Améliorer l’efficacité : les avantages cachés des données existantes
Les services de sécurité publique adoptent de plus en plus des outils d’analyse intelligents afin d’améliorer leur connaissance de la situation en temps réel. Ces alertes favorisent des interventions rapides et éclairées, au bénéfice de la sécurité publique. Les données collectées par les caméras et autres capteurs peuvent toutefois être exploitées de nombreuses autres façons. Utilisées dans une logique d’analyse des tendances, elles permettent de comprendre ce qui s’est déroulé dans un secteur au cours des derniers mois et d’anticiper ce qui pourrait se produire ensuite.

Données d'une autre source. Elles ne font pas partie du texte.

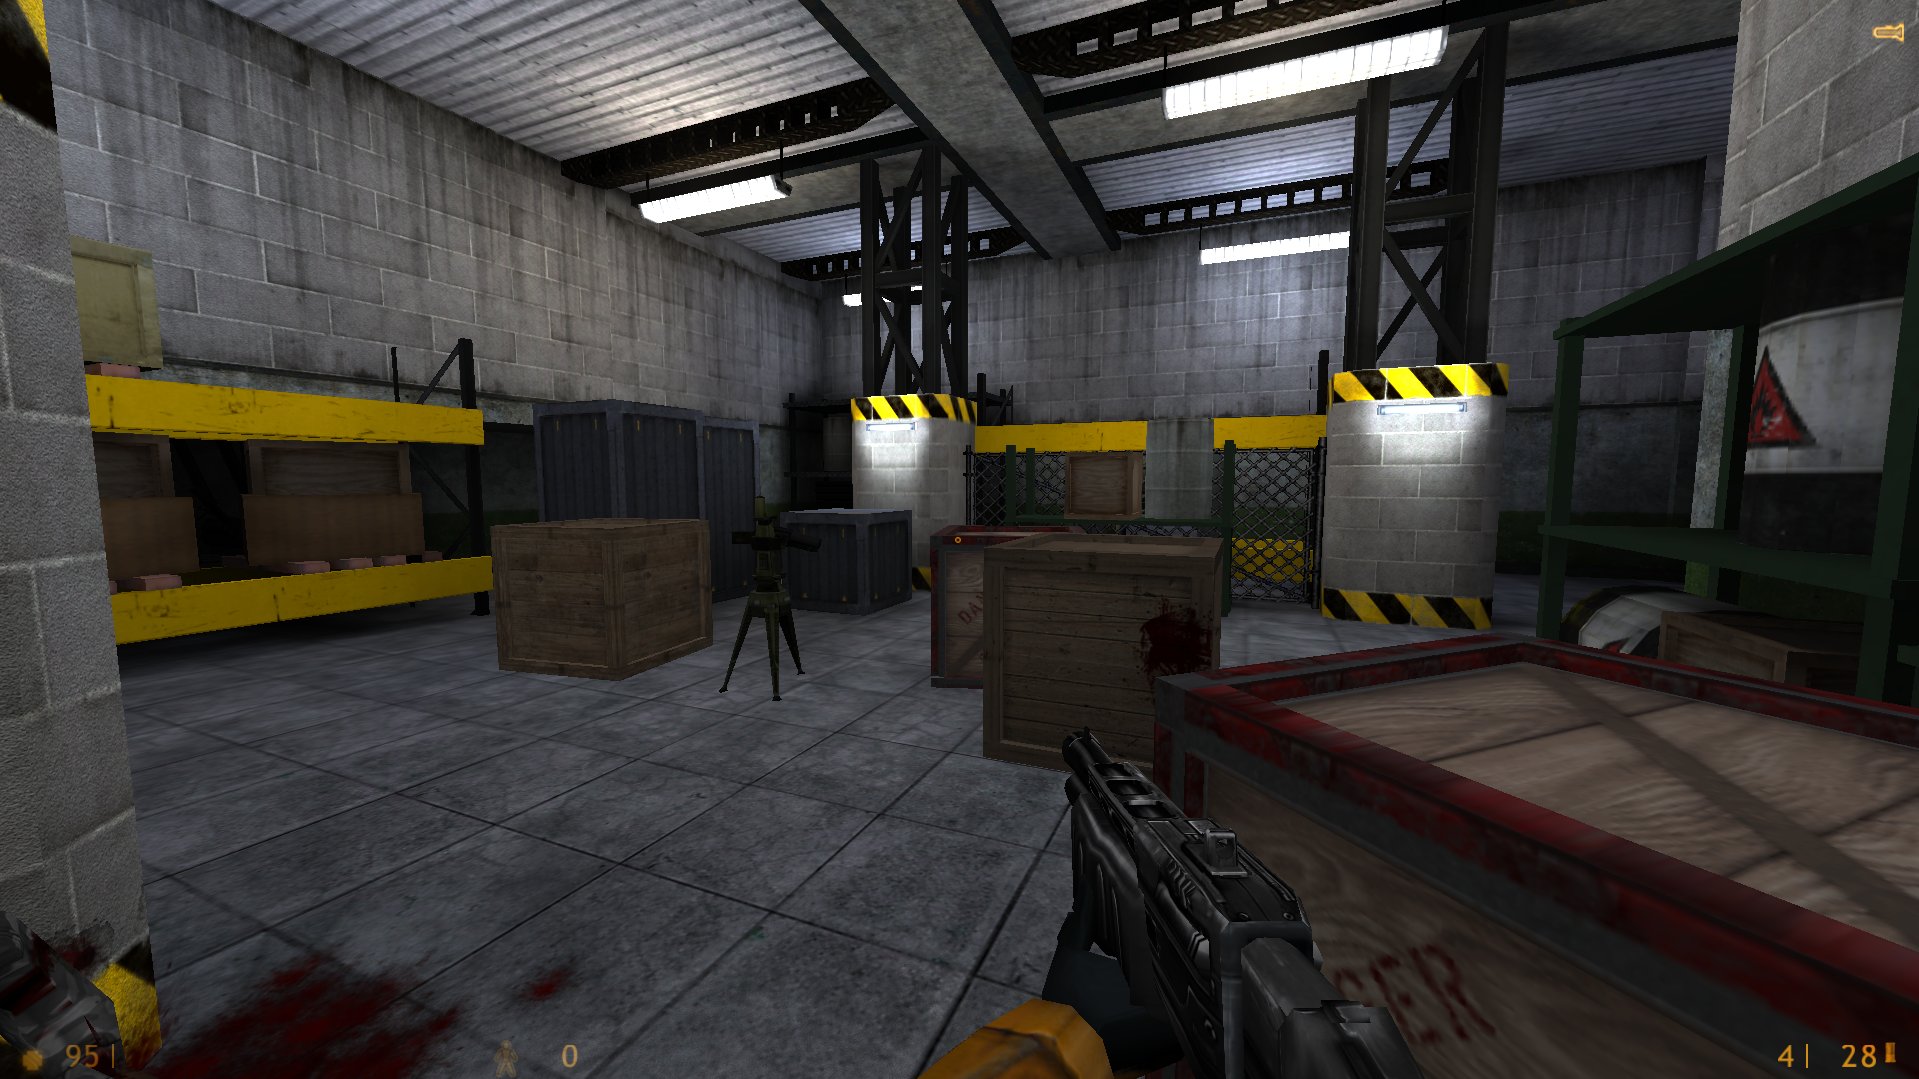 Black Mesa mod for Half-Life 2 - ModDB

Tendances et données : la voie vers une intelligence proactive
L’analyse des tendances et la reconnaissance de schémas permettent d’adopter une approche proactive de la sécurité publique et une planification stratégique plus efficace à long terme. Les déploiements fondés sur les données aident les forces de l’ordre dans de nombreuses missions, telles que la prévention de la criminalité, l’interpellation de suspects ou la sécurisation d’événements. Une utilisation plus efficace des ressources humaines et financières permet d’optimiser les budgets tout en obtenant des résultats meilleurs et plus facilement mesurables.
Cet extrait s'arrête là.